Vorbeugung und Instandhaltung
Im Mittelpunkt der Schienenverschleißprävention steht die Einrichtung eines systematischen Überwachungssystems für Schienen und Räder. Prüfintervalle für die Schienengeradheit und die Spurweite: alle 3 Monate bei Schwerlastbetrieb (A6 und höher), alle 6 Monate bei mittlerer Belastung (A4 bis A5) und einmal jährlich bei Leichtlastbetrieb (A3 und niedriger). Bei der Wartung und Instandhaltung der Räder werden drei Kennwerte berücksichtigt: die Felgendicke, der Laufflächendurchmesser und das Lagerspiel. Wenn die Felgendicke auf 60 % der ursprünglichen Dicke abgenutzt ist, muss das Rad ausgetauscht werden.
Das Bedienpersonal führt täglich vor der Inbetriebnahme eine Sichtprüfung der Schienenoberfläche auf Metallspäne durch und achtet während des Betriebs auf charakteristische ungewöhnliche Geräusche.
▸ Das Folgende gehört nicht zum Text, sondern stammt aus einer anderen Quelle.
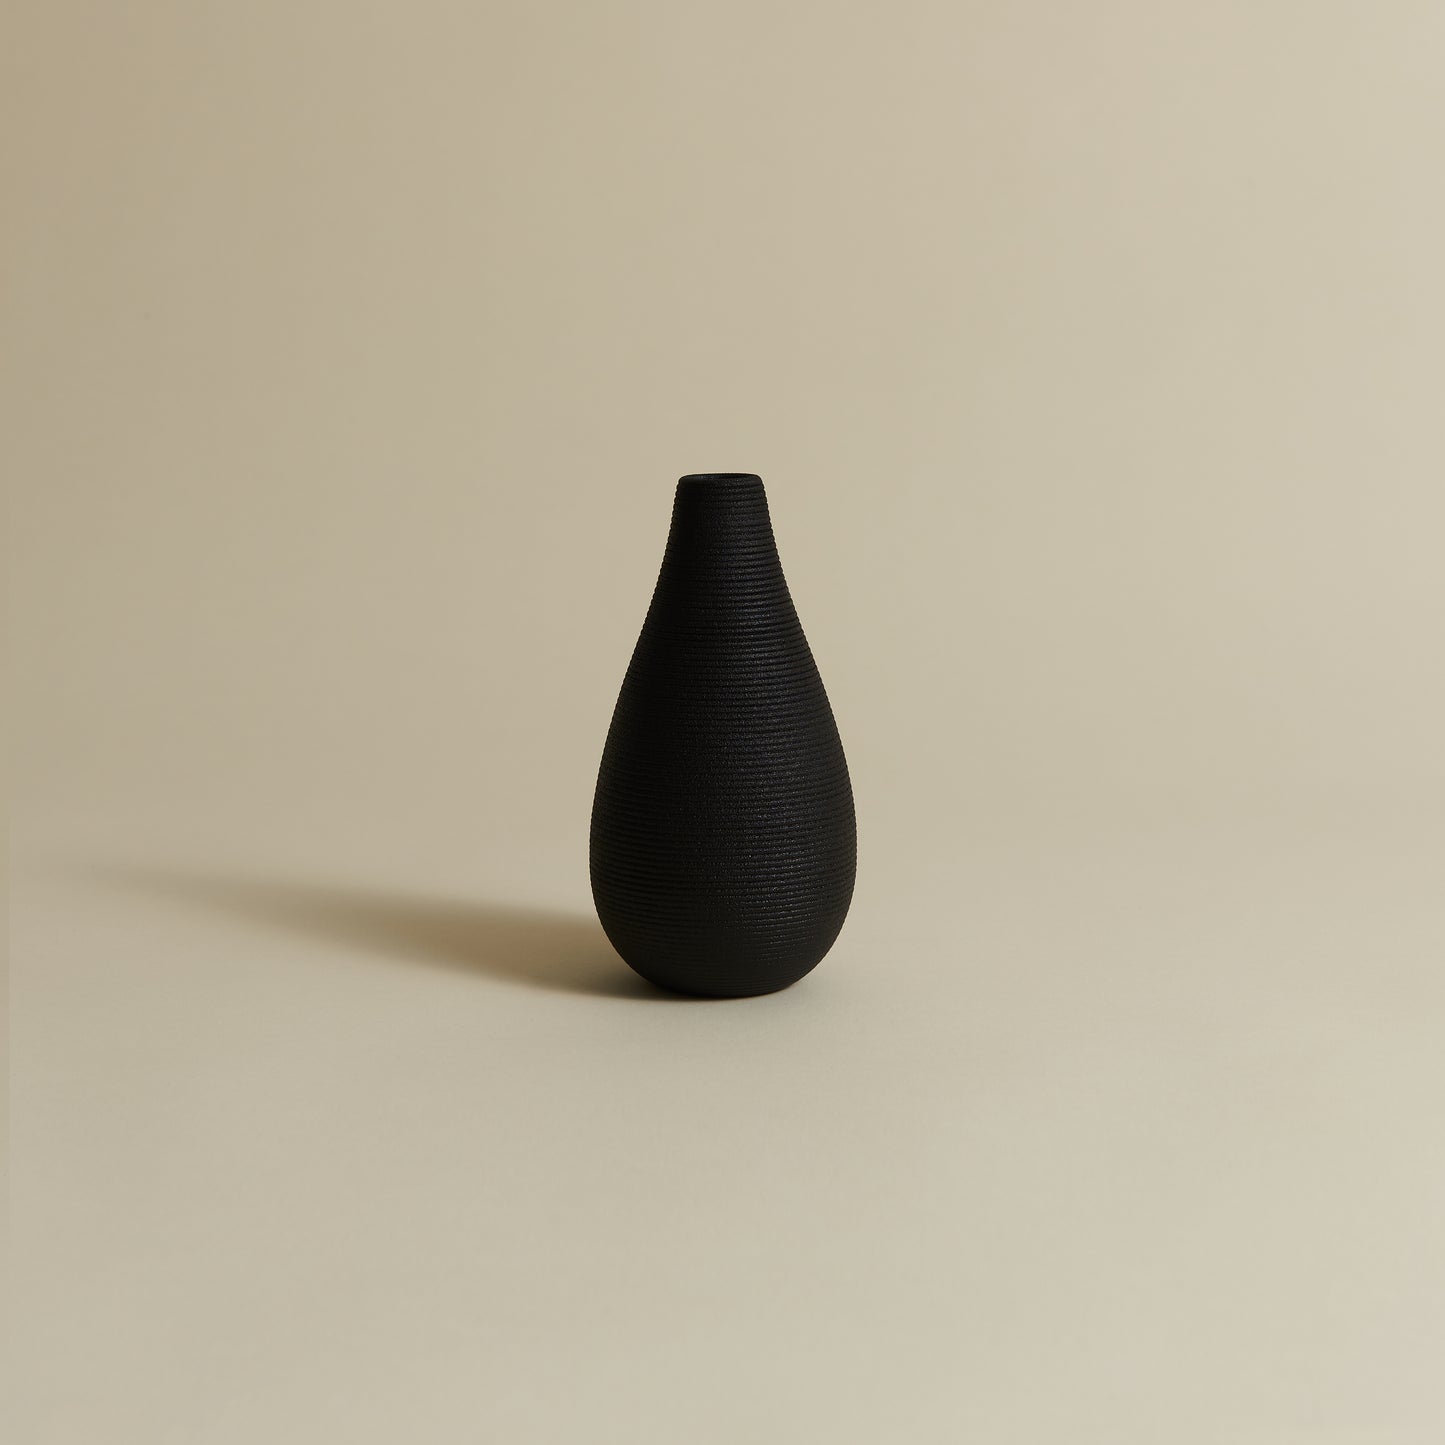 Pear Vase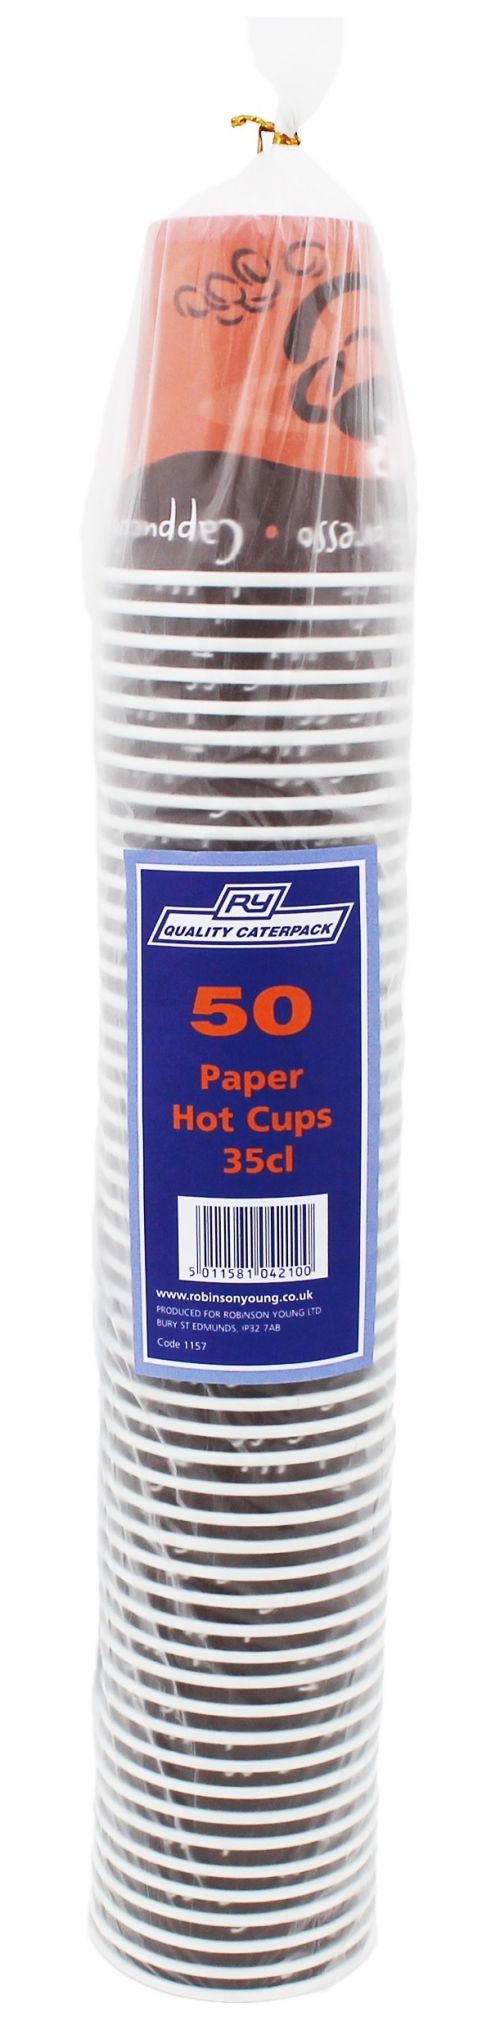 Caterpack Paper Hot Cups 12oz (35cl) PK50

Es wird ein Archiv für Störungen durch Schienenabtrag angelegt, um eine Wissensdatenbank zu Störungen aufzubauen. Krude Heavy Industry wendet das oben beschriebene Prüfsystem bei der Inbetriebnahme vor Ort sowie bei der Wartung und Instandhaltung im Kundendienst an und begrenzt so die durch Schienenabtrag verursachte Rate ungeplanter Stillstände auf unter 21 TP3T.
Häufig gestellte Fragen
Frage: Was ist das deutlichste Anzeichen dafür, dass ein Laufkran die Schiene abnutzt?
Antwort: Es gibt drei besonders intuitive Methoden: Erstens sollte man prüfen, ob an der Seitenfläche des Radkranzes Abriebspuren zu sehen sind; zweitens sollte man darauf achten, ob während des Betriebs ein regelmäßiges, metallisches Reibegeräusch zu hören ist; drittens sollte man messen, ob der Betriebsstrom zu hoch ist (bei Messung mit einer Stromzange gilt eine Differenz der dreiphasigen Ströme von mehr als 10% als Anomalie).
Frage: Was sollte zuerst durchgeführt werden: die Spurkorrektur oder die Radausrichtung?
Antwort: Es muss in der Reihenfolge „zuerst die Schiene, dann das Rad“ vorgegangen werden. Gemäß der Norm GB/T 10183-2023 ist zunächst die Schiene auf die zulässigen Toleranzen einzustellen (Geradheit ±3 mm/40 m, Spurweite ±5 mm), bevor die Radspannweite und die Diagonaldifferenz gemessen werden.
Frage: Ab welchem Ausmaß des Schienenverschleißes muss der Betrieb für Wartungsarbeiten unterbrochen werden?
Antwort: In jedem der folgenden Fälle muss der Betrieb unverzüglich eingestellt werden: Der monatliche Verschleiß der Spurkrone beträgt mehr als 2 mm, die Abweichung des Betriebsstroms beträgt mehr als 25%, die seitliche Verschleißrate der Schiene beträgt mehr als 1 mm/Monat oder während des Betriebs ist ein lautes, metallisches Pfeifen zu hören. Gemäß der Norm GB/T 14405 deuten diese Werte auf eine mögliche Entgleisung hin.
Frage: Wie oft sollten routinemäßige Kontrollen zur Verhinderung von Schienenabtragungen durchgeführt werden?
Antwort: Bei hoher Beanspruchung (A6 und höher) erfolgt die Prüfung alle drei Monate, bei mittlerer Beanspruchung (A4 bis A5) alle sechs Monate und bei geringer Beanspruchung (A3 und niedriger) einmal jährlich. Das Bedienpersonal muss täglich vor der Inbetriebnahme die Schienenoberfläche visuell auf Metallspäne überprüfen. Als Prüfstandards gelten die einschlägigen Bestimmungen der Normen GB/T 3811-2024 und GB/T 14405.